Bank Notes (Ireland) Act 1920
- Parliament of the United Kingdom
- Long title: An Act to amend the Law with respect to the Place of Payment of Notes issued by Banks of Issue in Ireland.
- Citation: 10 & 11 Geo. 5. c. 24
- Territorial extent: Ireland

Dates
- Royal assent: 4 August 1920

Other legislation
- Repeals/revokes: Bank Notes (Ireland) Act 1828; Bank Notes (Ireland) Act 1830;
- Relates to: Statute Law Revision Act 1927

Status: Amended

Text of statute as originally enacted

Text of the Bank Notes (Ireland) Act 1920 as in force today (including any amendments) within the United Kingdom, from legislation.gov.uk.

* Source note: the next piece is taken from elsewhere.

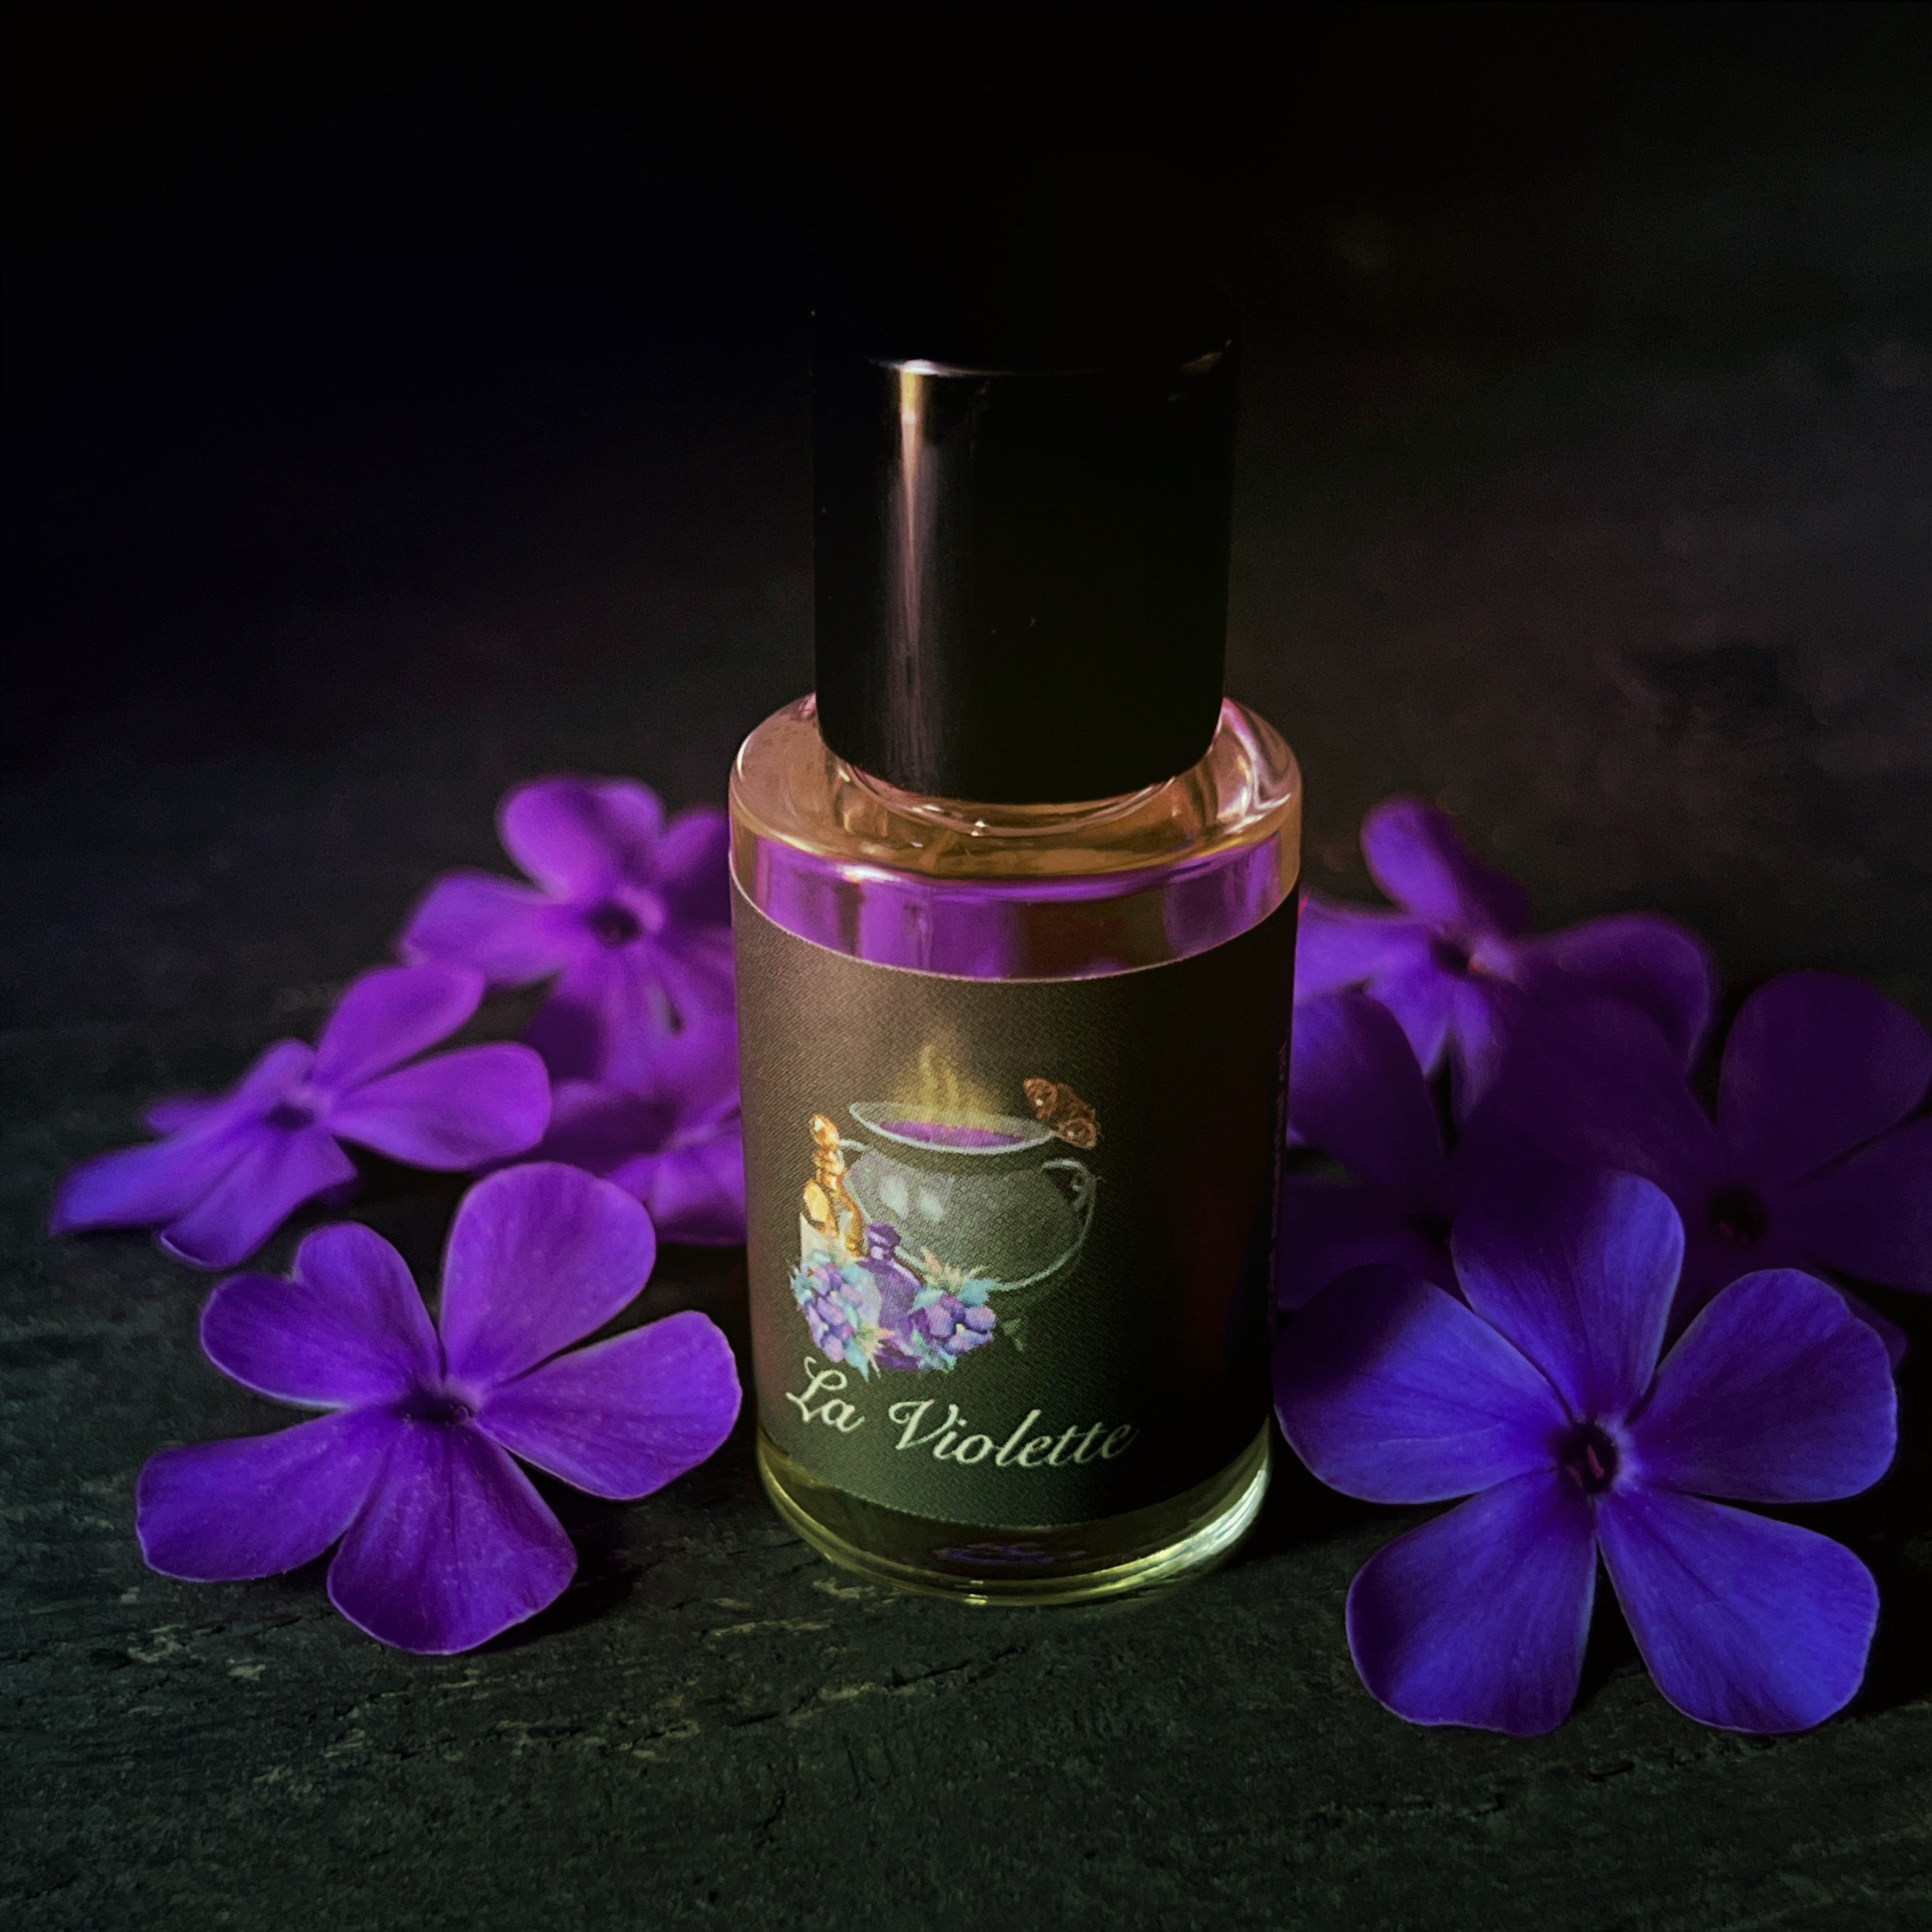 La Violette Perfume Oil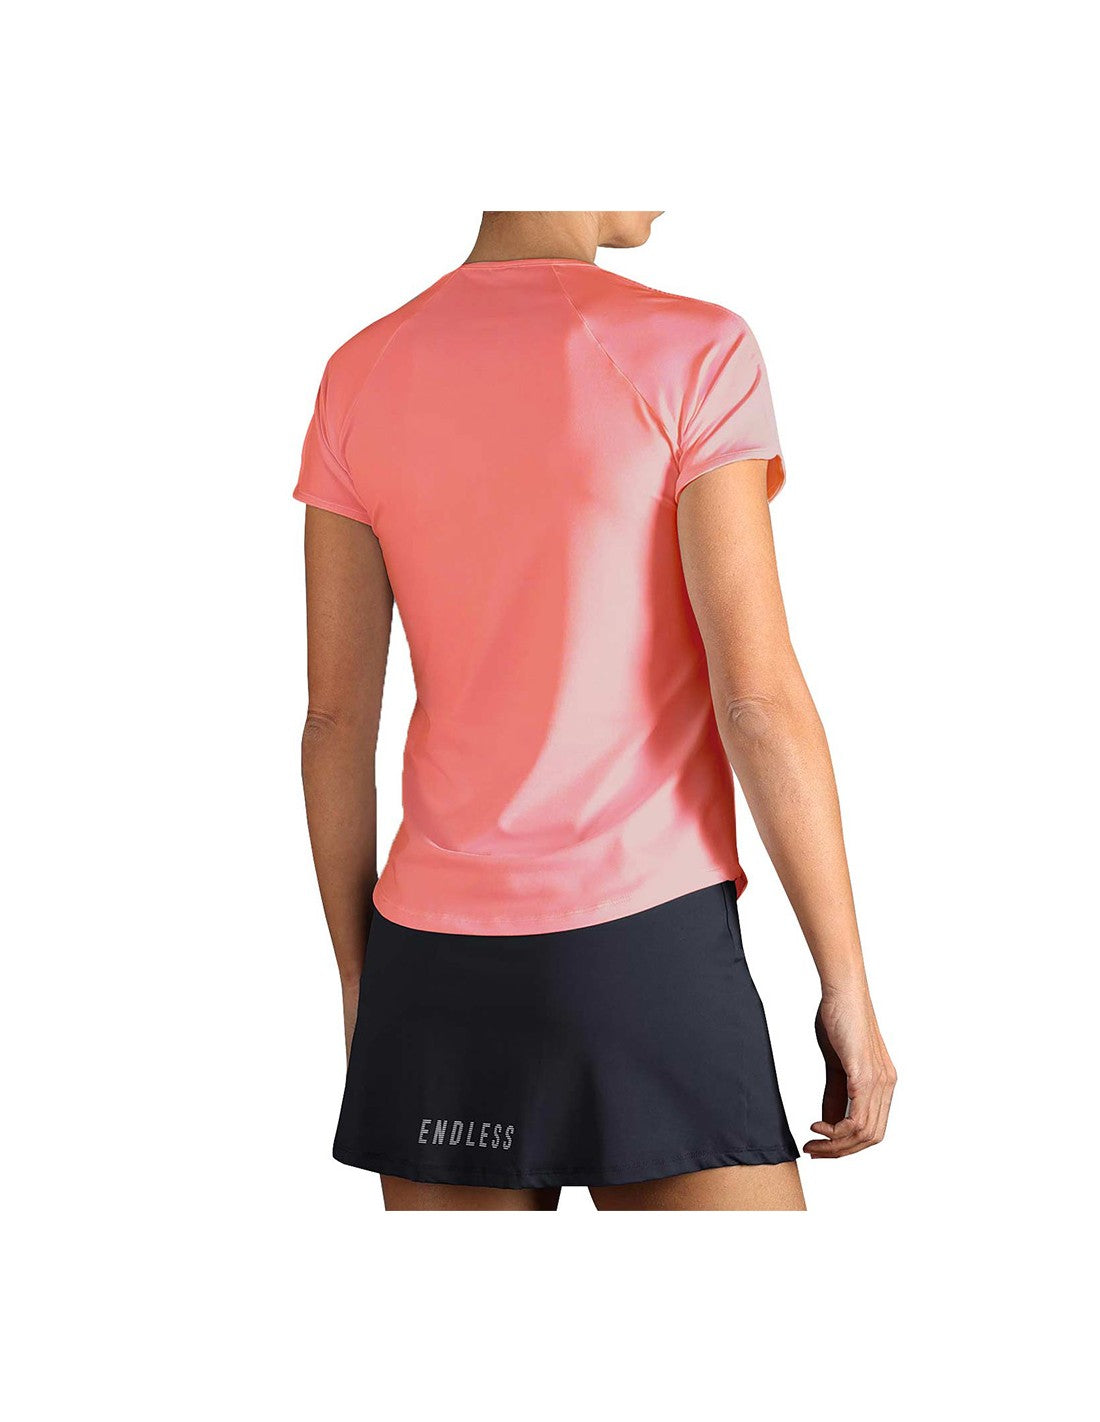 Womens Tennis Mesh Short Sleeve T-Shirt

= Bank Notes (Ireland) Act 1920 =

The Bank Notes (Ireland) Act 1920 (10 & 11 Geo. 5. c. 24) is an Act of the Parliament of the United Kingdom which removed any obligation for a bank of issue in Ireland to pay, on demand, any of its notes bearing a date before 4 August 1920, except at the bank's head office in Ireland.

== Background ==
Since 1828, under the Bank Notes (Ireland) Act, 1828, banks in Ireland were obliged to cover any redemptions of pound sterling banknotes they had issued at any branch. This legally required individual branches to physically hold excessive amounts of legal tender to cover any redemption. In 1920, six Irish banks (Bank of Ireland, Provincial Bank of Ireland, Belfast Banking Company, Northern Banking Company, Ulster Bank, and National Bank) wrote to the Parliament of the United Kingdom of Great Britain and Ireland asking to be relieved of this obligation. They felt the requirement was excessive in view of the greater number of branches in 1920 and the improvements in communications, compared to 1828.

The Act provided that any Irish sterling banknotes issued by the banks were only required to be redeemed for legal tender at the individual bank's head office or at another branch the bank designated for this purpose (for example for banks whose head offices were outside of Ireland).

==Repeals==
The act was repealed in its entirety in the Irish Free State by the Currency Act, 1927. Section 2 of the Bank Notes (Ireland) Act, which repealed the obligation for banknotes to be redeemed at the branch where they were issued, was repealed by the Statute Law Revision Act 1927 but the rest of the act remains in force in the United Kingdom.